The Iranian president was quoting an ancient statement by Iran’s first Islamist leader, the late Ayatollah Khomeini, that “this regime occupying Jerusalem must vanish from the page of time,” just as the Shah’s regime in Iran had vanished. He was not making a military threat. He was calling for an end to the occupation of Jerusalem at some point in the future.

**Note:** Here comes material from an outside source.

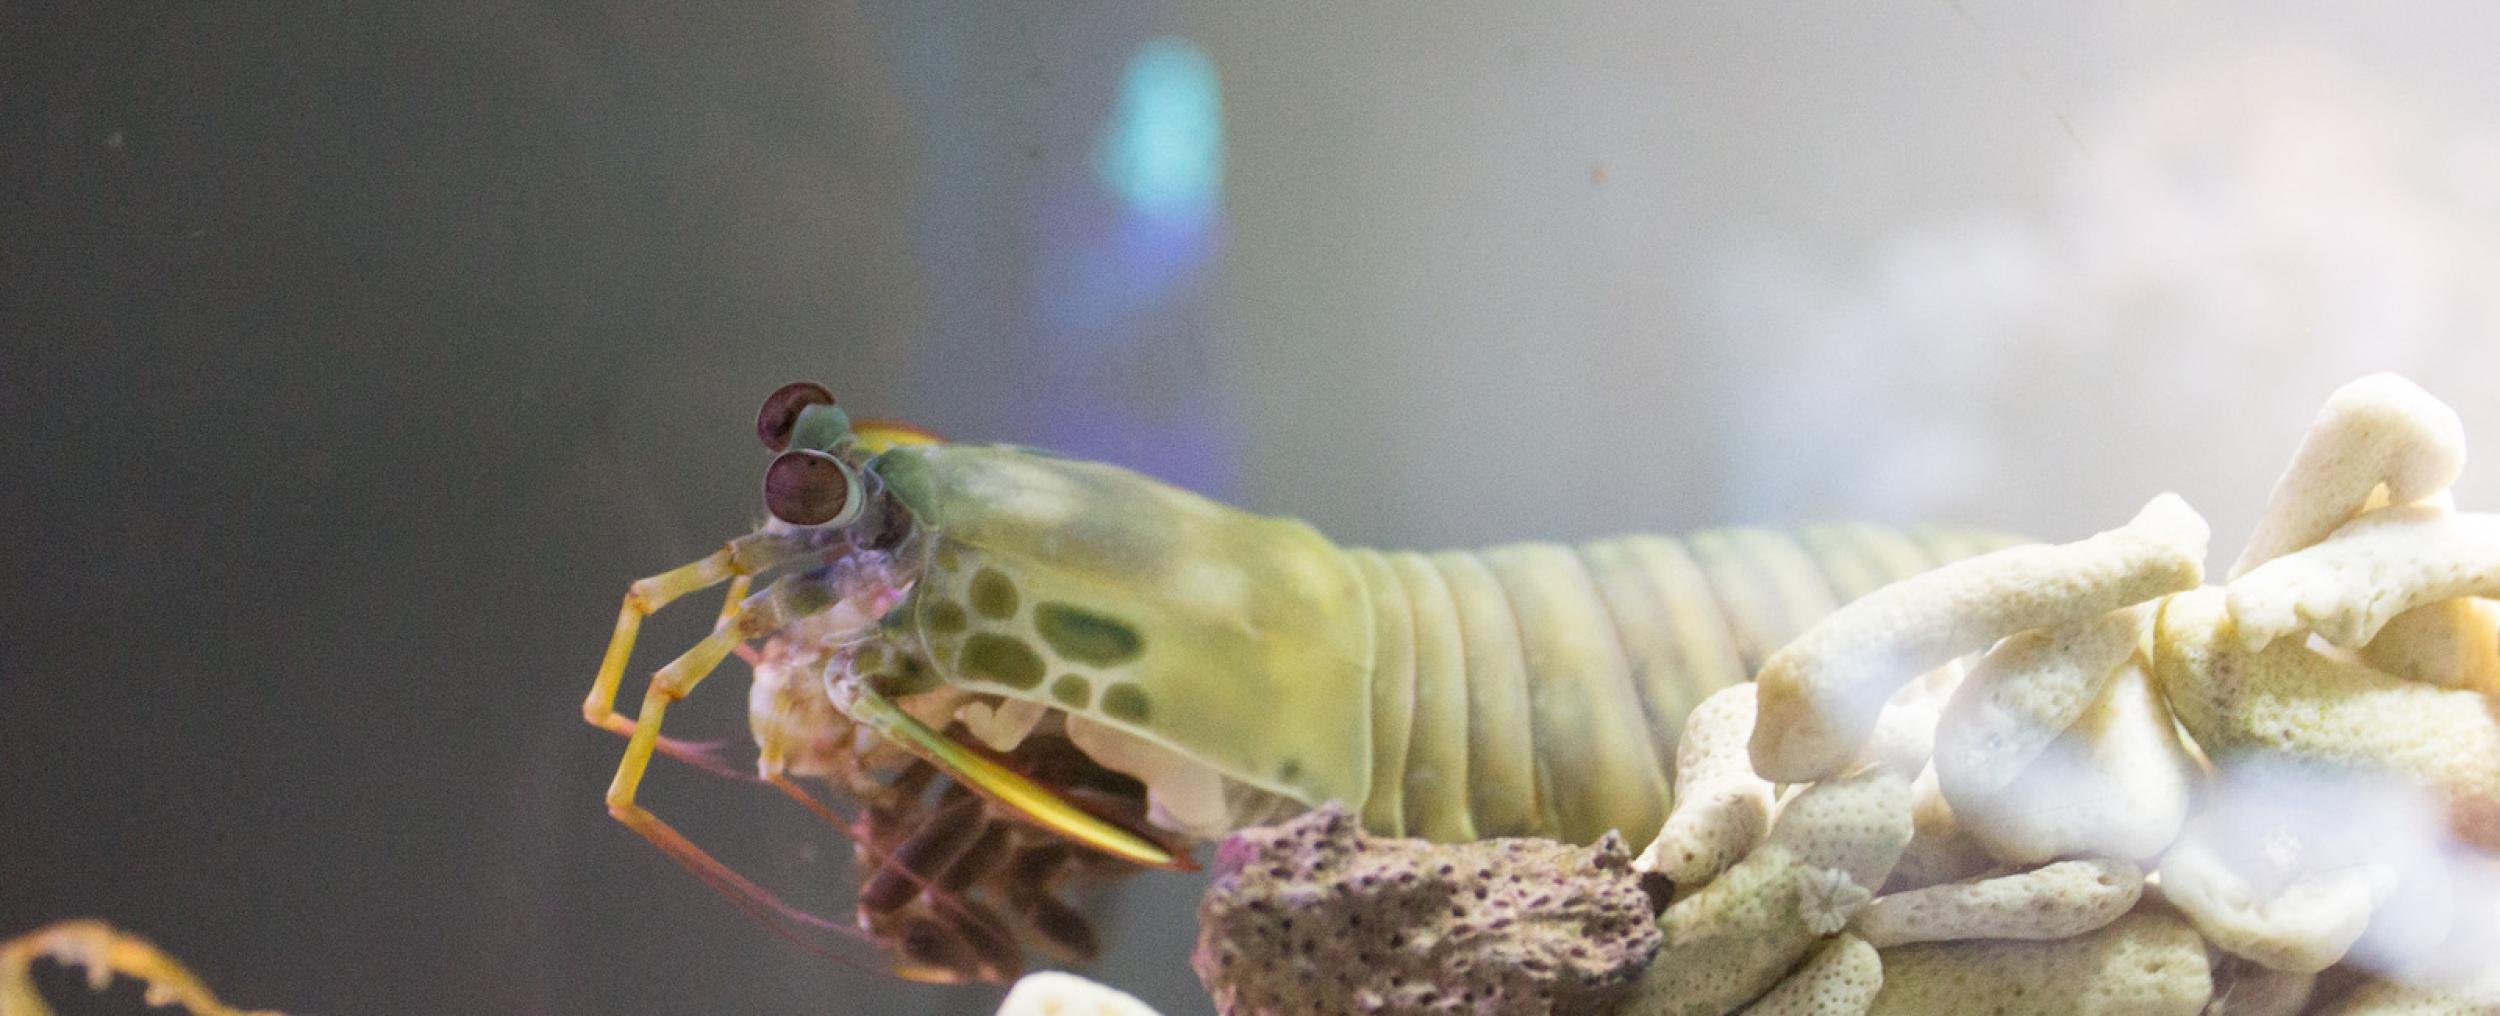 Mantis shrimp can live in aquariums

The “page of time” phrase suggests he did not expect it to happen soon.

 

Other media outlets have expressed even less doubt that Iran is hell-bent for Israel’s annihilation. “Iran’s president unleashes another warning to Israel, declaring once again that the Jewish state will be wiped off the map, and soon,” remarked CNN anchor Wolf Blitzer (Situation Room, 6/2/08). A recent Washington Post op-ed (4/1/12) by Dennis Ross and David Makovsky asserted, “Israel is the only country that Iran has repeatedly threatened to wipe off the map.” “Since Ahmadinejad took office four years ago,” announced CBS Evening News anchor Katie Couric (9/23/09), “he’s built a reputation as a provocateur, saying Israel should be wiped off the map.”

CBS Sunday Morning (4/8/12) provided a platform for actor and pundit Ben Stein to make a case for war against Iran based in part on the nonexistent threat:

Now, Israel is threatened with another Holocaust as Iran races towards building a nuclear bomb and missiles to deliver it to Israel. The mullahs and other men who rule Iran have explicitly promised to wipe Israel off the map. Israel is a tiny country, and one nuclear bomb detonated over Tel Aviv would indeed make another Holocaust.

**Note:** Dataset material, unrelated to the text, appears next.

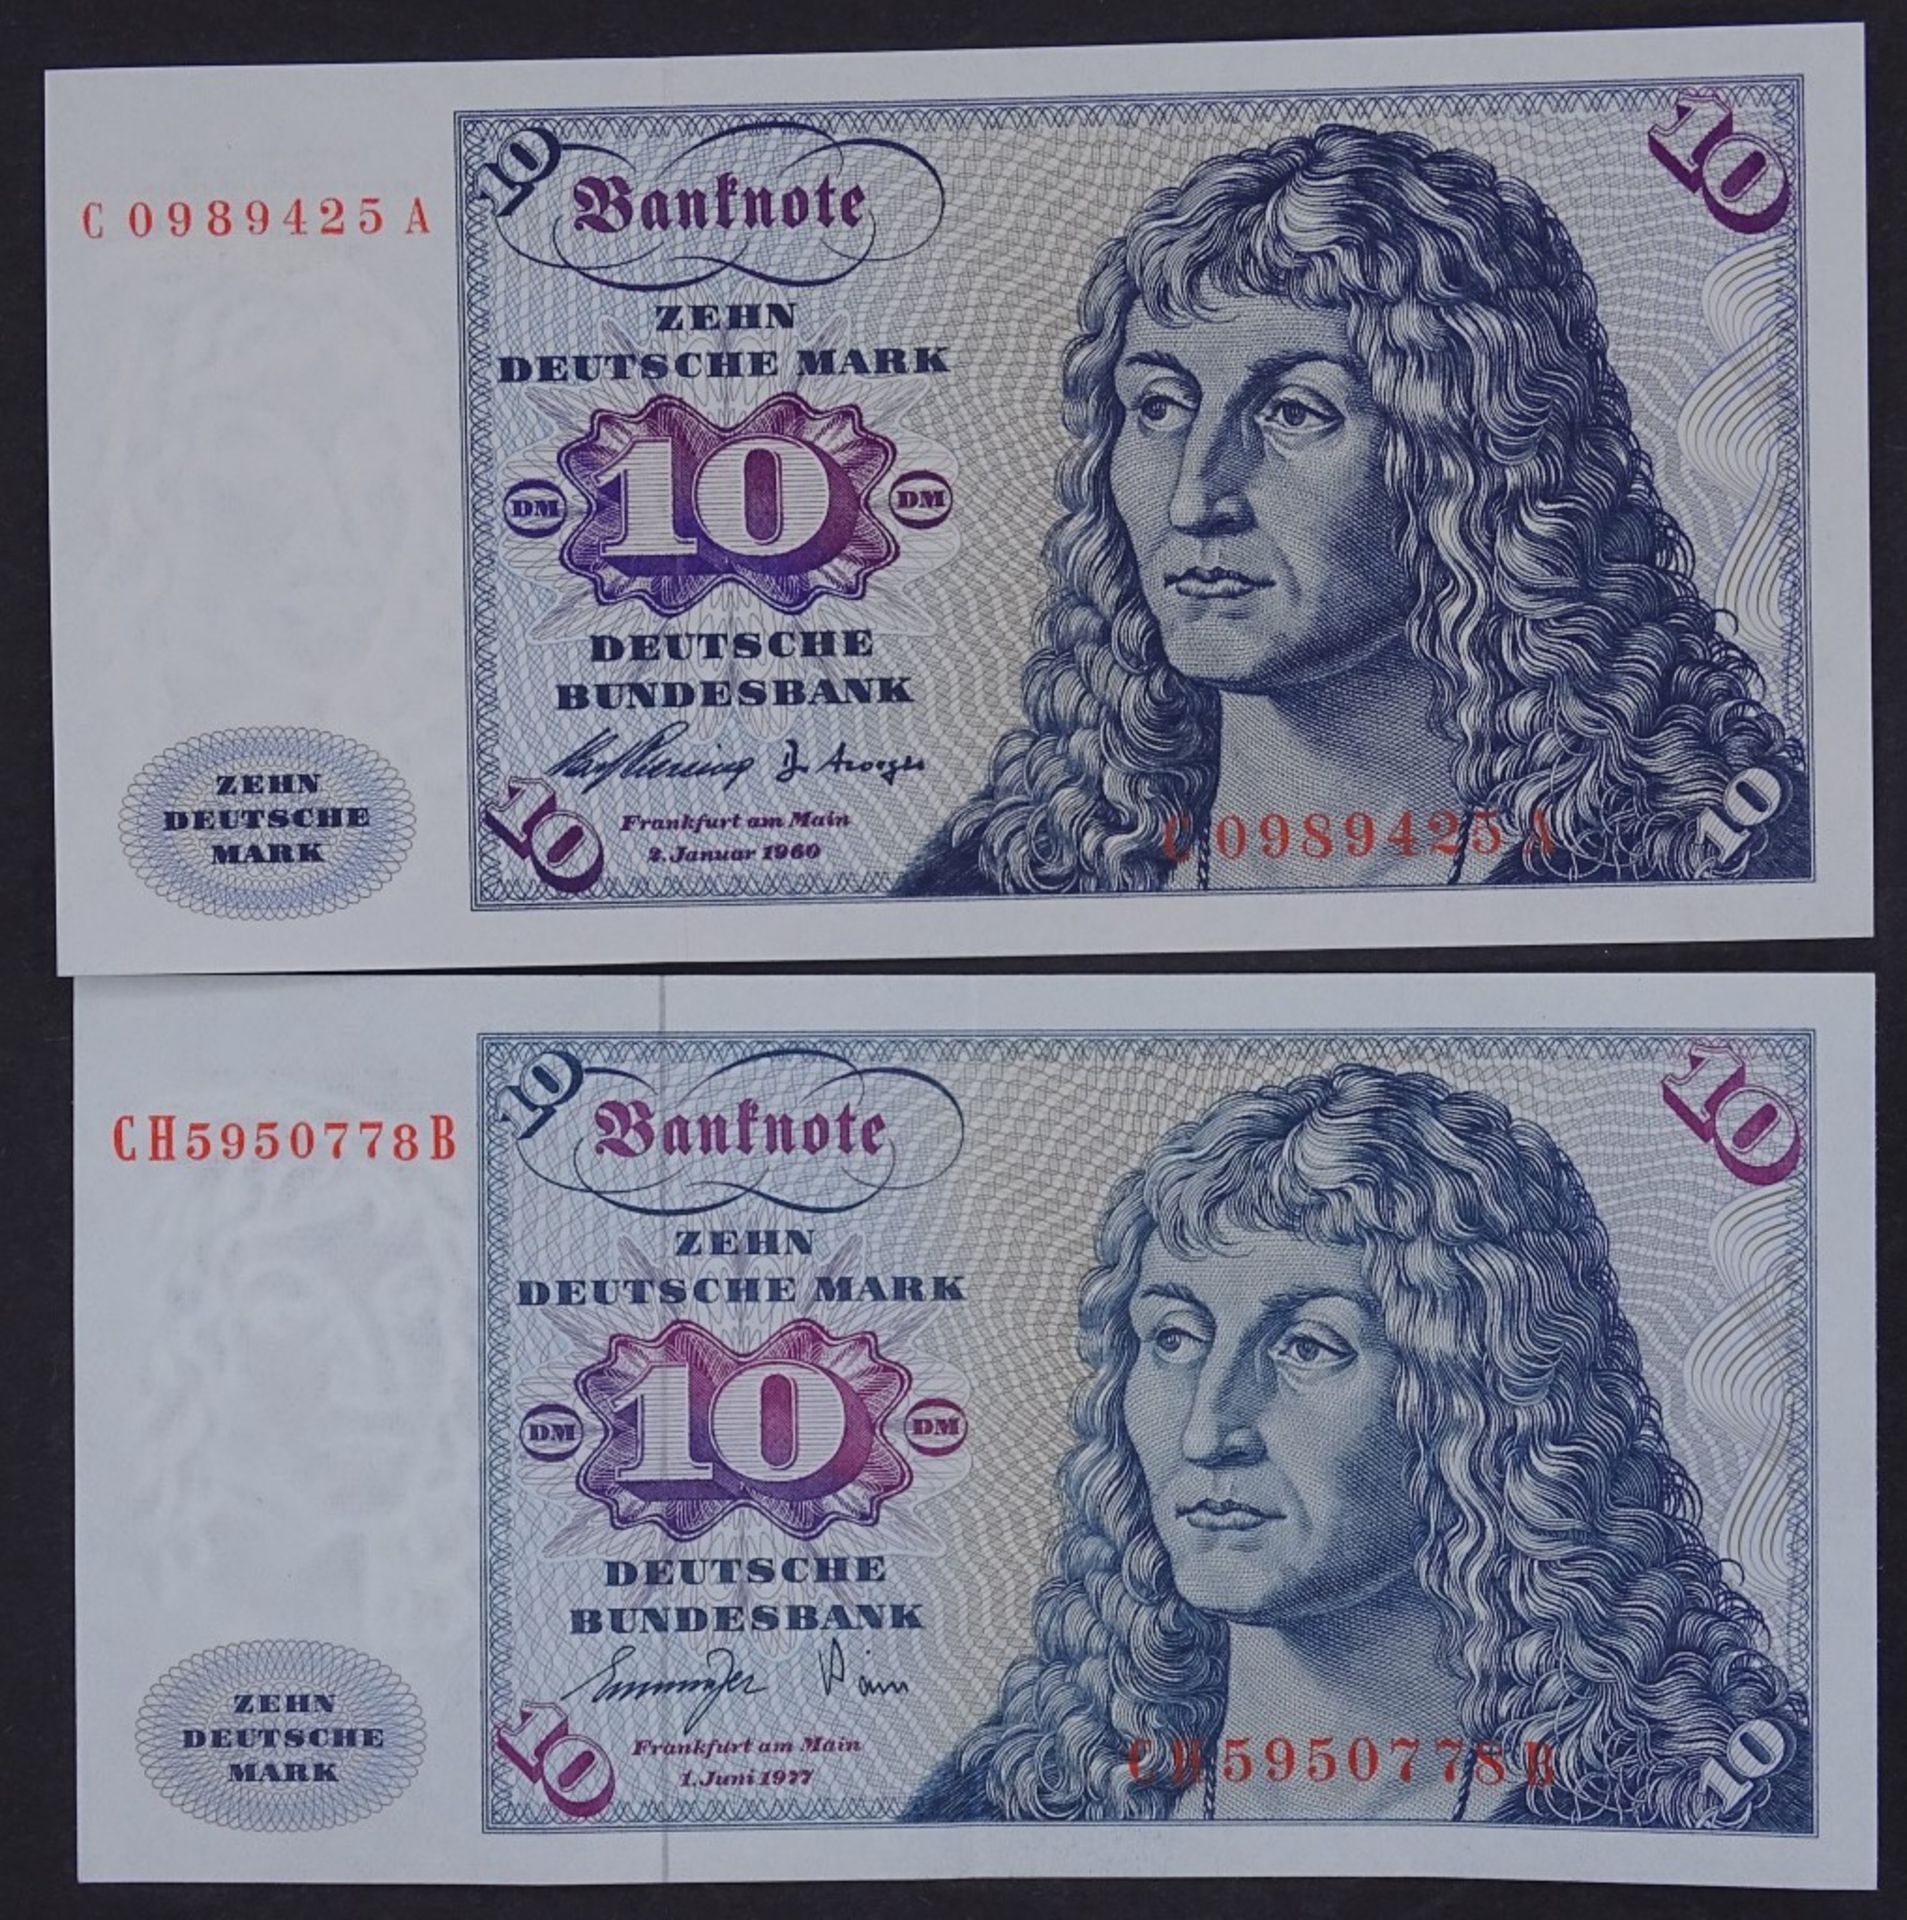 Zwei Banknoten - 10 Deutsche Mark 1960/77 - Deutsche Bundesbank- - -22.61 % buyer's premium on the

Stein squarely hit two key claims that have sustained hostility toward Iran in official circles and corporate media alike: that Iran is attempting to manufacture nuclear weapons, and that it wants to wipe Israel off the map.

The first claim, though now contradicted by American officials and the CIA, who say there’s no proof Iran is currently working on nuclear weapons, nevertheless survives in the media as an apparently unkillable zombie lie (Extra!, 1/12). That doesn’t bode well for the dispelling of the second.


UPDATE 4/17/2012

Robert Mackey in the NYT has published Israeli Minister Agrees Ahmadinejad Never Said Israel ‘Must Be Wiped Off the Map’ in which he notes “In a reminder that Persian rhetoric is not always easy for English-speakers to interpret, a senior Israeli official has acknowledged that Iran’s president, Mahmoud Ahmadinejad, never actually said that Israel “must be wiped off the map.”   He includes a Video of an Al Jazeera interview with Dan Meridor, a deputy prime minister of Israel.


UPDATE 8/4/2013

This week we are still seeing mis-translations from Farsi, and with the same purpose.  It’s Official, Hasan Rouhani Was Misquoted by Sheila Musaji details this latest incident regarding the new President of Iran. 

Last month, Philip Weiss reported Hamas and Iran have vowed ‘to wipe out the Jews’ just as Nazis did, AIPAC says.  He gives details and comments that: AIPAC sent out a fundraising letter today saying that Hamas and Iran “are vowing to wipe out the Jews” and are no different from Nazis. The only difference between then and now is that now AIPAC is standing up for the Jews and it can get meetings with the president and Congress, as Jews could not do during the Holocaust.